Long plagued by superstition, the charm of opals has transcended centuries. During recent years, its spectacular rise to fame has also resulted in one of the decade’s most prominent jewellery trends. On top of established jewellery maisons, many fashion-forward jewellers have also fallen in love with opals.

Although available in varying grades, the rarest opals are highly regarded by jewellery maisons for their uniqueness and mystique. While nearly 90 per cent of the world’s finest opals originate from Australian mines, a small percentage of highly sought-after stones come from Ethiopia and Mexico.

In 2016, Louis Vuitton’s Acte V The Escape high jewellery collection featured a necklace set with a triangular Australian black opal weighing 87.92 carats, making it one of the heftiest opals ever used in contemporary high jewellery.
Due to its unique crystal structure, no two opals are the same. Victoire de Castellane, creative director of Dior Joaillerie, is well-known for her love of opals, and has included opals in nearly every collection she has created over the past two decades. In 2017, she even dedicated an entire high jewellery collection, Dior et d’Opales, to her favourite gemstone.

She describes the opal as a “very poetic stone,” noting that “it’s like an invitation to enter a fairy tale, to experience magic. When I look at an opal, I feel like I’m seeing the earth from afar, the oceans, the archipelagos, and the reflections of stars on ocean waves… I see it as nature’s gemstone par excellence, a stone that’s so intertwined with femininity, its connection becomes organic.”
In Dior’s latest high jewellery collection, Dior et Moi, de Castellane works her magic yet again by pairing black opals with contrasting colours from emeralds, red spinels and green lacquer.

Enthralling as they are, opals are also extremely difficult to work with because of their fragility. With a high water content, opals are significantly softer than other gemstones, and thus unable to take on faceted shapes like diamonds and sapphires. Jewellers often present opals as cabochons or leave them in their organic form.

Black opals in particular, are often used by jewellers to depict the night sky or the mysterious galaxy. In Chaumet’s Les Ciels de Chaumet high jewellery collection, the Bague Planetes ring paired diamond-set star shapes against a vivid black opal, mimicking glistening planets along the milky way.

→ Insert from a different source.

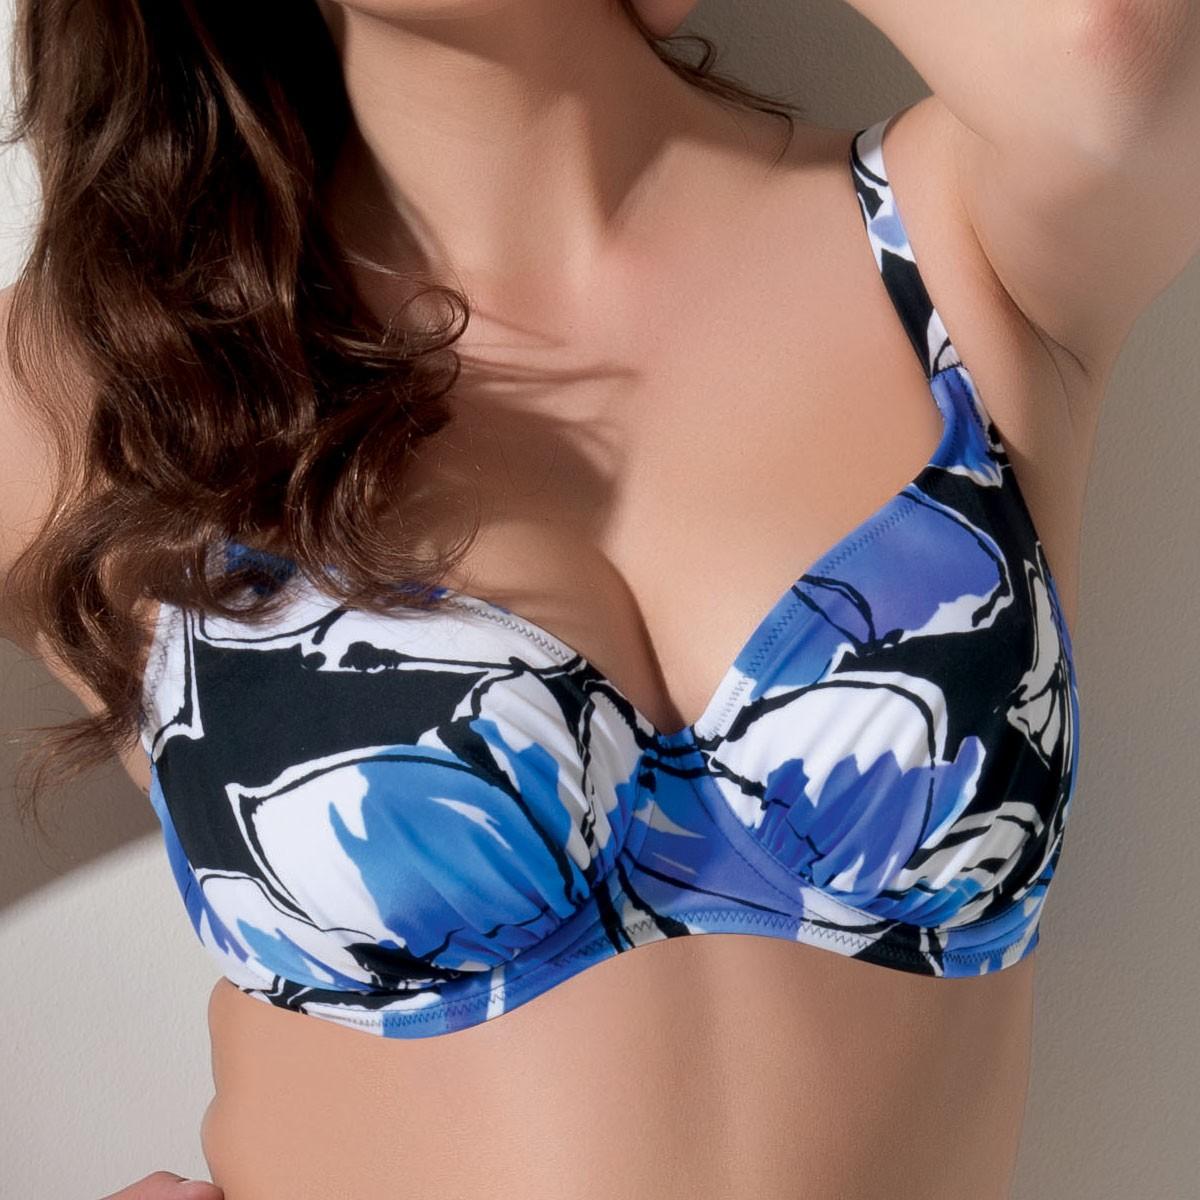 Fantasie Valetta Full Cup Bikini Top - Persian Blue

In both last year’s Magnitude and this year’s SurNaturel high jewellery collections, Cartier also chose to work with opals. One of the highlights of this year’s collection would be the Hemis necklace, which features more than 20 irregularly shaped, violet-hued opals, juxtaposed with a 71.08-carat kunzite and white diamonds. An organic feast for the eyes.

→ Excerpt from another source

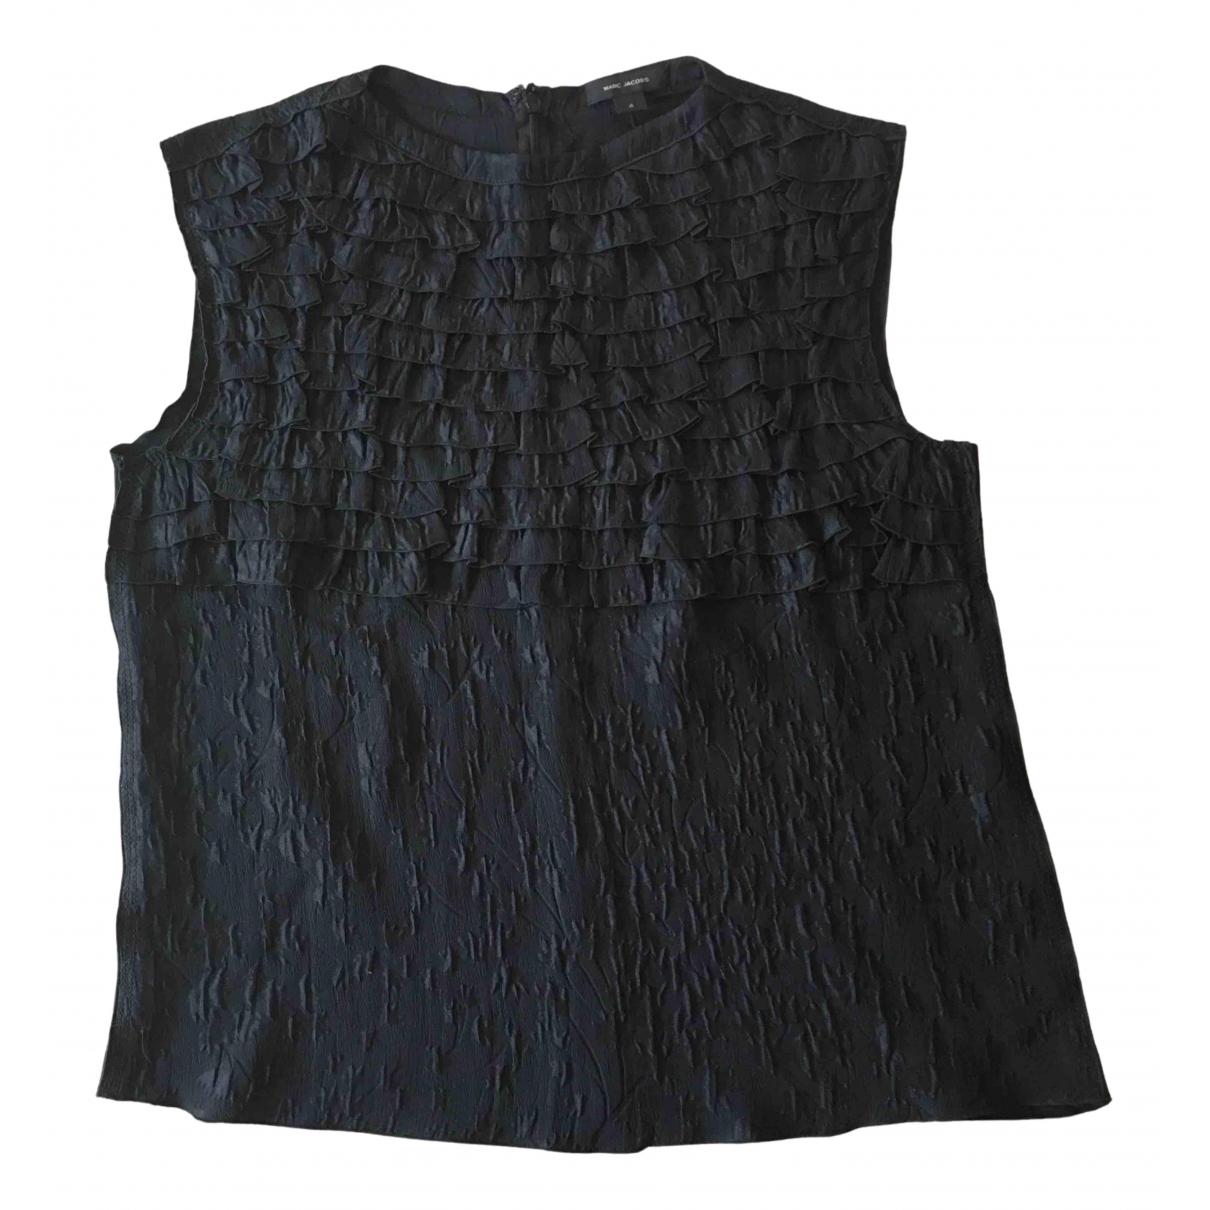 Camiseta sin mangas de Seda Marc Jacobs

An early adopter of opals in high jewellery, Chopard’s Red Carpet collection this year also includes creations set with opals, including a whimsical Swan ring adorned with a 9.1-carat Mexican opal cabochon, as well as a pair of dramatic earrings set with a medley of black opals and other blue-hued stones.
If you’re one fashionista who likes to defy conventions and seek out one-of-a-kind gemstones beyond the usual suspects, opals are definitely a worthy investment.